Eliza: Like I said, I haven’t done it, but basically my friends have had to download something where someone watches them – so full video access. Then the professors can also see if tabs on their computer are open or not. That’s all I really know about it because I have not done it.

Alexis: How do you feel about professors recording lectures?

Eliza: I think that recording the classes could possibly benefit students if they were not able to attend the class. So they can go back and look at the recordings. I don’t think it’s an invasion of privacy. But I think [web conferencing platform] classes in general are not very fruitful. After doing it for a couple months now I really don’t like it. There are some teachers who are not good teachers and who need push from students in order to get us the help that we need. So I’m in a class right now where one of my teachers is not a good teacher so he’s having a lot of trouble with [the web conferencing platform], especially because no one in the class is speaking. This may be because it’s an 8AM class so the time definitely hurts his case, but also he just doesn’t know where to go. I feel like when you’re a teacher you rely on the  physical environment to determine if the student know what you’re talking about. You can see their body language. I feel like over [a web conferencing platform] where we can mute our voices and mute our videos, it’s really hard to be a teacher.

Alexis: Do your professors require you to turn your video on during classes? Is that something you’re comfortable with or do you have concerns about it?

Eliza: Well one of my professors does for my dance class, like we have to have our video cameras on the entire time. And some days it’s kind of sucky because you don’t feel like you wanna put the video camera on one day because it’s just so exhausting doing [web conferencing classes] over and over again. Sometimes you just want a break and not show your face but still do the class. So it’s hard when you have an option to do that but the professor takes it away from you. 
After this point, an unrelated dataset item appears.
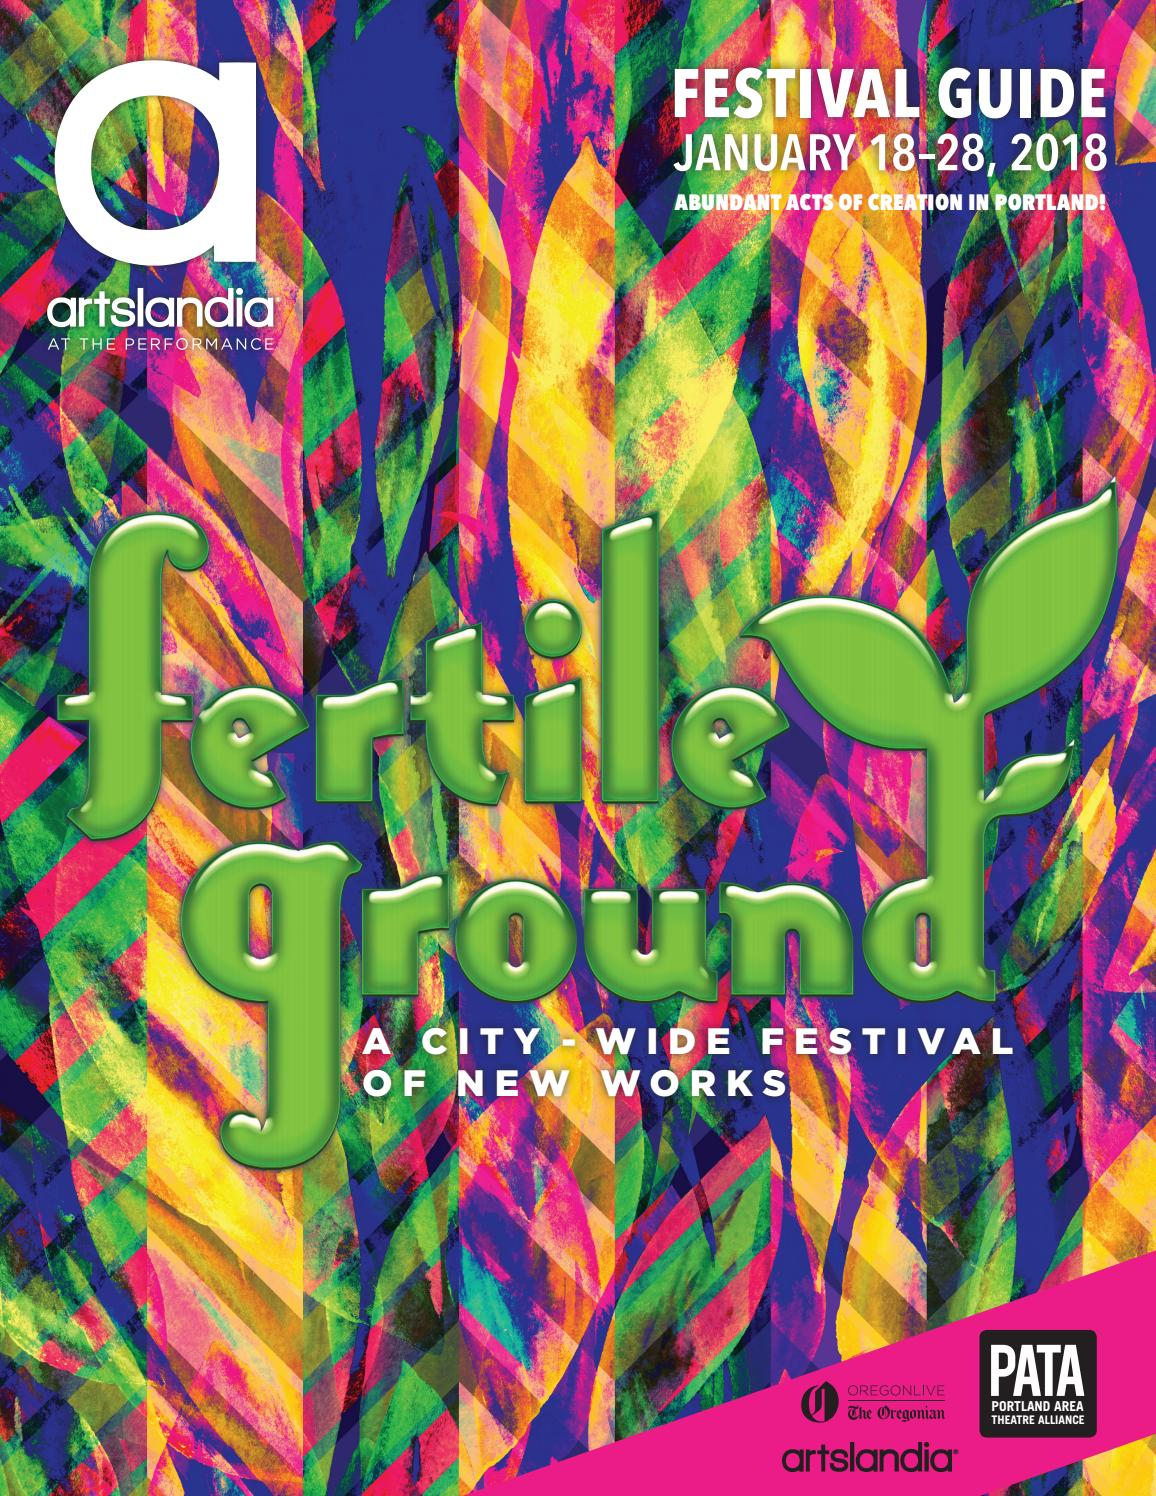 dcf1df62558 2018 Fertile Ground Festival Guide by Artslandia - issuu

But then you can think back to how it was in the physical classroom. I can’t mute my face. This has just become a new option for everyone. I guess we just got used to it. So I think it’s going to be really interesting to go back to class in person. 

Alexis: Have you or any friends had any tech challenges to fully engaging in class?

Eliza: Yeah. I have very bad WiFi in my apartment and a lot of times when I’m trying to listen, it logs me out and then I have to take  a couple seconds to get back into the [web conferencing] session which is frustrating. It’s totally out of my control.

Alexis: Do you have a dedicated space for learning that affords you some privacy/ability to study and engage fully in learning and studying? 

Eliza: At this point I’ve just been doing class in my apartment which is kind of hard sometimes because you feel like you’re confined to your apartment all day every day on your computer which can be very stressful and tiresome.

Alexis: Are there any options to do class outside of your apartment?

Eliza: There are some options on campus. Some of our campus buildings are open but you’d have to wear a mask if you wanted to go there. So that’s kind of hard on [web conferencing platforms] if you have to have your video camera on.

Alexis: What does privacy mean to you?

Eliza: Privacy means just to have a respect for my own personal space. I don’t know – I really haven’t thought about this.

I guess most of the privacy issues are confined within the Internet. Most of the places where our privacy is violated is through the Internet; it’s not really taken from you as much when you are face-to-face.